Directions for this task: Among the lines of data below, reproduce only those from the one with "CHF-DMA-0489-099 Project Document.Xlsx" through the one with "Mau Fallout 4", exactly as they stand, both ends included.

Provided data:
_ _ _ _

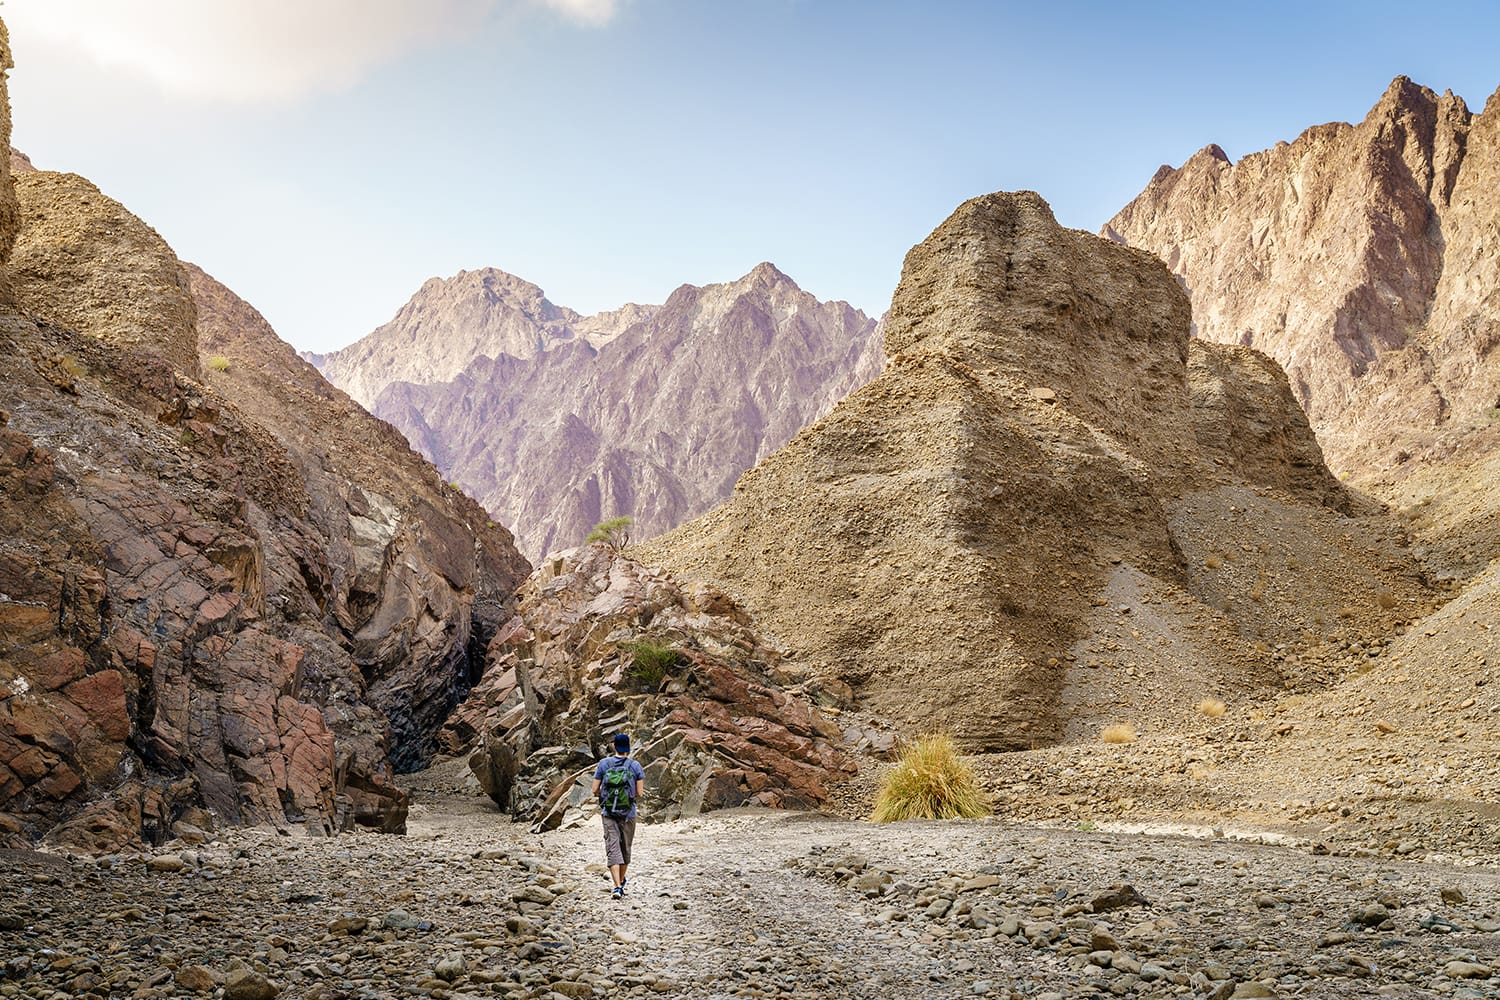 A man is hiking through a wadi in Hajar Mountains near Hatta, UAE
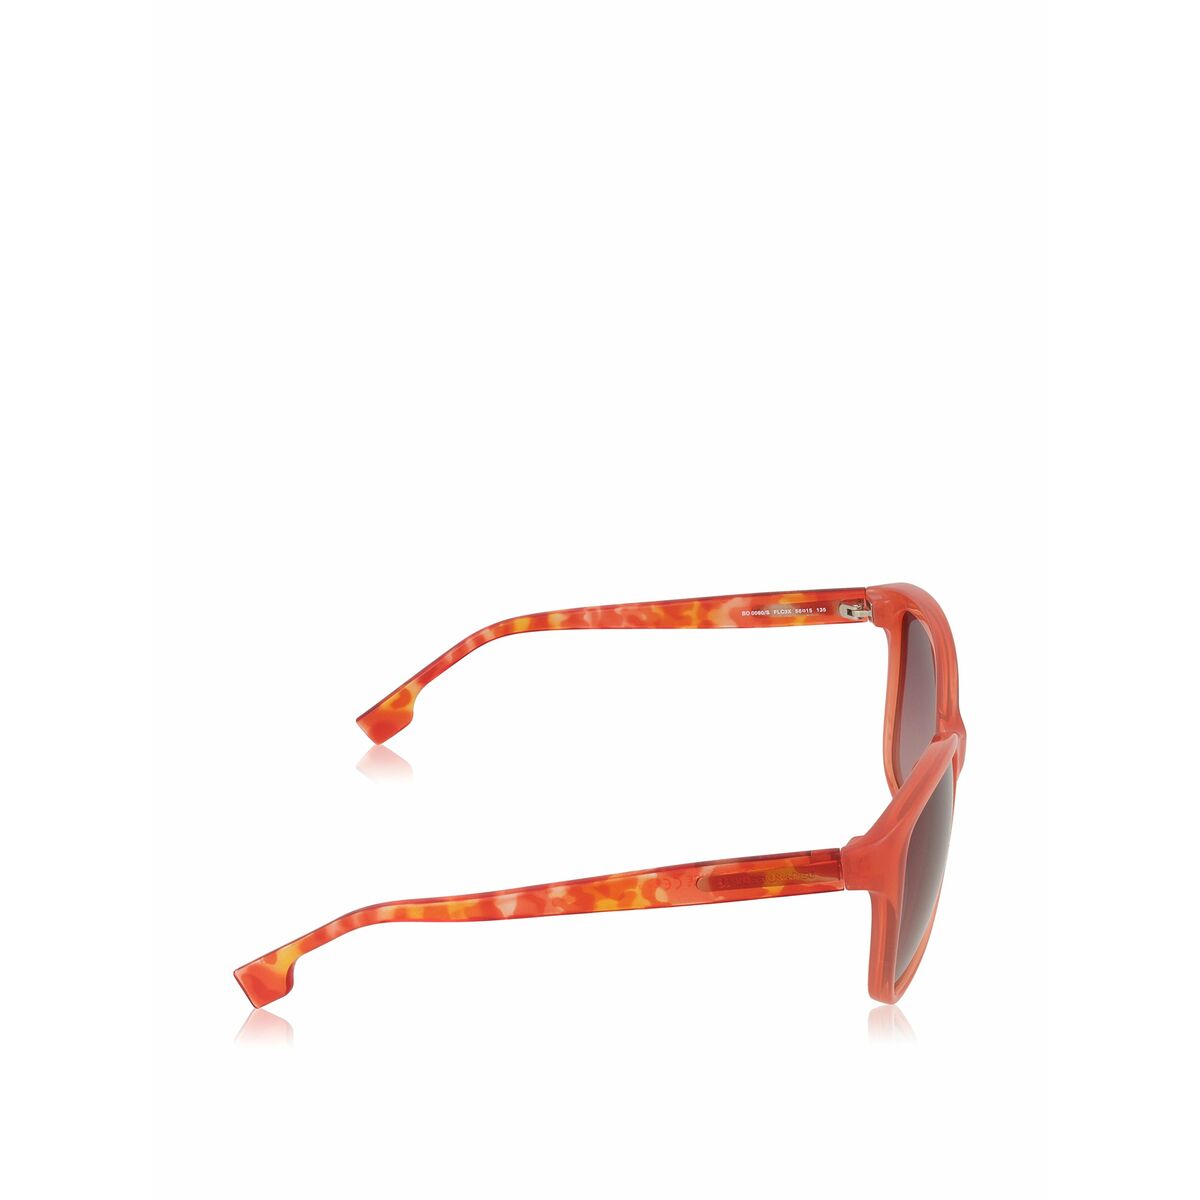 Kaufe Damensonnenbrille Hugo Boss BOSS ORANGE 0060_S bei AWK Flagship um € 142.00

_ _ _ _

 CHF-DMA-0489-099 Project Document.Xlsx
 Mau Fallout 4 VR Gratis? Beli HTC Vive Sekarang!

_ _ _ _

Result for this exercise:
 CHF-DMA-0489-099 Project Document.Xlsx
 Mau Fallout 4 VR Gratis? Beli HTC Vive Sekarang!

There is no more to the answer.